[Folle journée] Un clavier fort bien tempéré

Avec un peu de retard, voici le compte-rendu retrouvé sur une clé USB d'un concert de Zhu Xiao-Mei (piano) donné à Nantes le 1er février dernier, avec au programme le clavier bien tempéré (1er livre, 2e partie).

Au début, c'est doux, presque feutré, doucement nimbé dans un halo de pédale. Je ne sais si ça vient du piano (un Steinway de 4 mètres de long au bas mot) ou de la salle, mais le son ne semble venir d'aucun endroit précis: en fermant les yeux, on pourrait avoir l'impression que la pianiste chinoise joue tout à côté.

Je ne peux me défaire de l'impression que le piano moderne n'est pas l'instrument le plus adapté pour jour la musique de clavier Bach.
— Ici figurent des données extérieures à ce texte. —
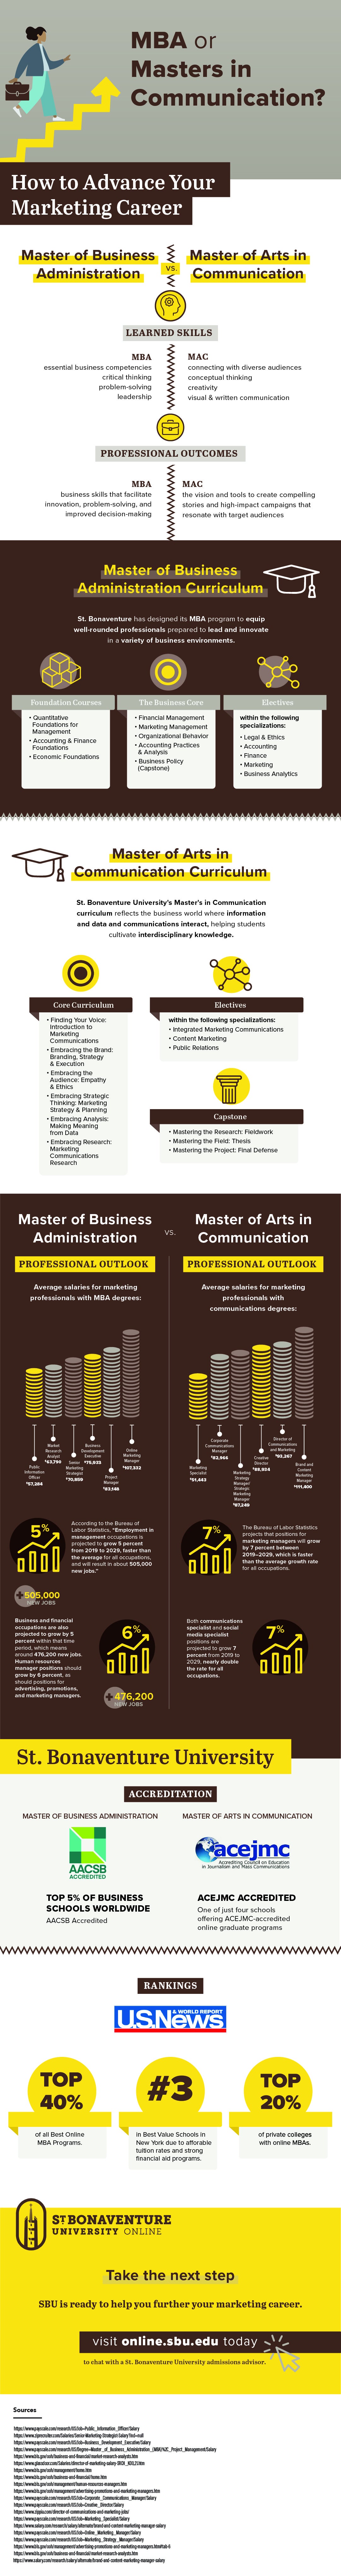 MBA vs. MA in Communication Infographic

Trop percussif, trop affirmatif, trop présent. Si on met la pédale, on a trop de son, si on l'enlève, c'est trop sec. Pas moyen de retrouver les délicates résonances du clavecin, qui de son côté peine à isoler les différentes voix dans une fugue, étant quasiment privé de toute possibilité de faire des nuances. L'orgue quant à lui a d'autres qualités: il tient le son, permet des changements de registre, et d'autres défauts: il n'offre aucune sensibilité au toucher, ce qui ne favorise pas la construction des phrasés. Il semble bien que l'instrument idéal pour jouer le clavier bien tempéré est encore à inventer.

Zhu Xiao Mei met dans son jeu des intentions, des émotions dans lesquelles on ne se retrouve pas forcément, mais on ne peut que reconnaître la finesse de l'interprétation et la solidité de la construction de l'ensemble. Dans les fugues, sujets et contre-sujets sont clairement énoncés, ils dialoguent ensuite avec grâce et fluidité. La grande fugue en si mineur, avec ses chromatismes et ses dissonances, bouleversant drame sans paroles, conclut à la fois le premier cahier du clavier bien tempéré et ce concert.